Capitalism continues to develop and, in its own bourgeois way, continues to socialise production. It continues to create the material basis for socialism.

The European Union represents a necessary capitalist development. It is reversible only by regression to economic chaos and probably war. Socialists cannot propose to roll the film of history backwards, or want Europe to regress to the old “Balkanised” system of antagonistic bourgeois states and alliances.

The way forward is a working-class campaign to democratise it, and a Europe-wide working-class campaign for a Socialist United States of Europe. We seize the chance to unite the European working class; we propose that the working class should set as its goal the creation of a fully democratic Europe, the overthrow of the bourgeoisie and the creation of the Socialist United States of Europe.

A EU-wide working-class campaign for such a democratic transformation would help show the working class its own immense strength and convince it of the feasibility of radical social transformation.

A programme for European workers

* For a Republican United States of Europe! Scrap the existing bureaucratic structures and replace them with a sovereign elected European Parliament with full control over all EU affairs.
* Fight to level up working class living standards and conditions. For a common campaign for a legal 35 hour week.
* Fight for a guaranteed decent European minimum wage.
* For a Europe-wise emergency programme of public works to tackle unemployment and social exclusion. Workers’ control of the big multinationals, to steer production toward need and to guarantee every worker the right to a decent job.
* For Europe-wide public ownership of all the big banks, and democratic control of credit and monetary policy.
* For the replacement of the Common Agricultural Policy with a plan worked out by workers’ and small farmers’ organisations, based on the public ownership of land.

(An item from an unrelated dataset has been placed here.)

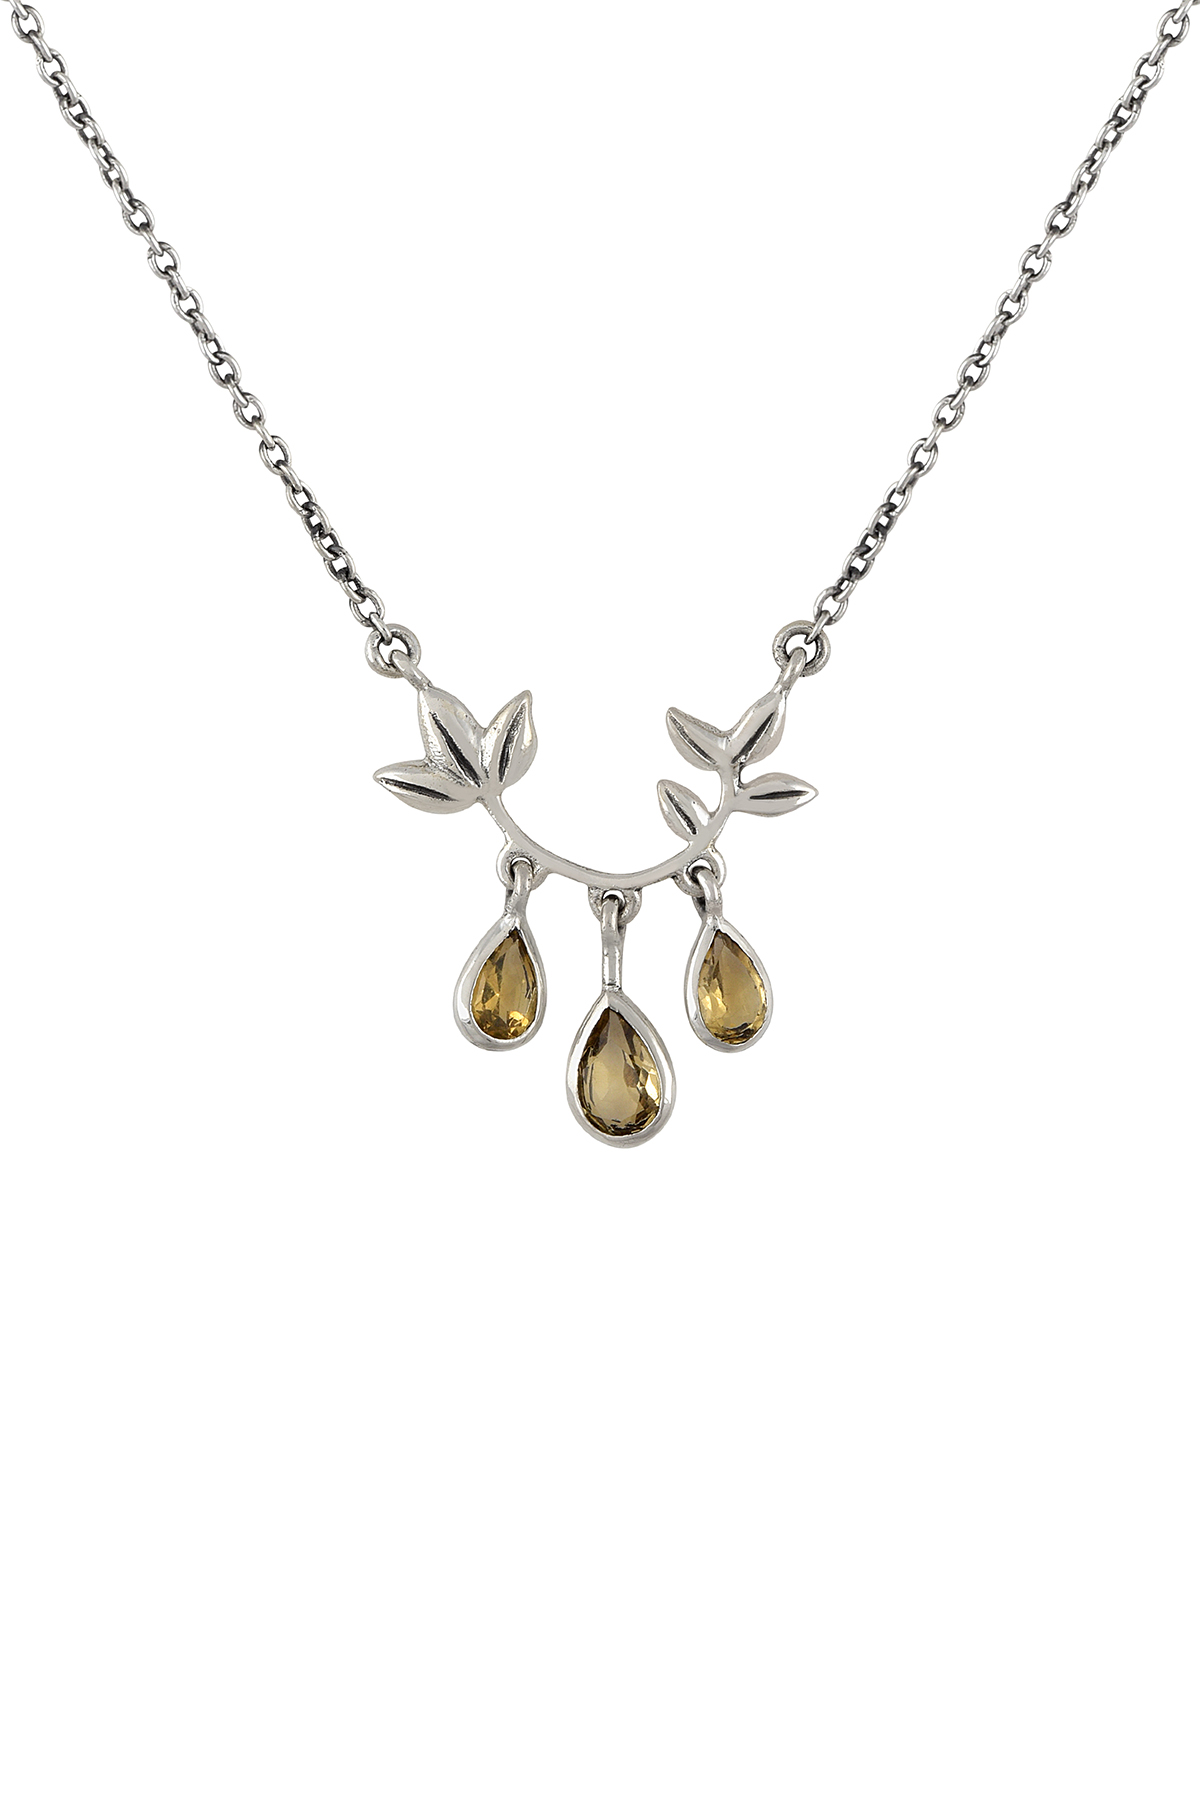 Silver Floral Citrine Drops Pendant

Food production should be geared to the needs of the world’s hungry people.
* For the abolition of VAT and the financing of public services by direct taxation.
* Stop all the state hand-outs to big business — subsidies, tax concessions, reductions in employers’ contributions for social security — and use the money to create jobs in public services.
* Prioritise rebuilding good public services, halt all privatisation plans.
* For free abortion facilities, freely available, everywhere.
* For a Europe which respects the environment, putting controls on industries which pollute, phasing out nuclear power.
* For a Europe open to the world! Free movement of people into the EU; free access for Third World exports to EU markets; a big EU aid programme without strings to the Third World.
* For the right to vote of all residents of EU countries.
* Scrap the proposed Europe defence force. For the replacement of all the EU states’ existing military hierarchies by people’s militia. For a Europe free of nuclear weapons!
* For a united working class. For Europe-wide shop stewards’ committee in all the big multinationals and all the major industries!
* Fight to rebuild a European international socialist movement.
* For a Workers’ United States of Europe.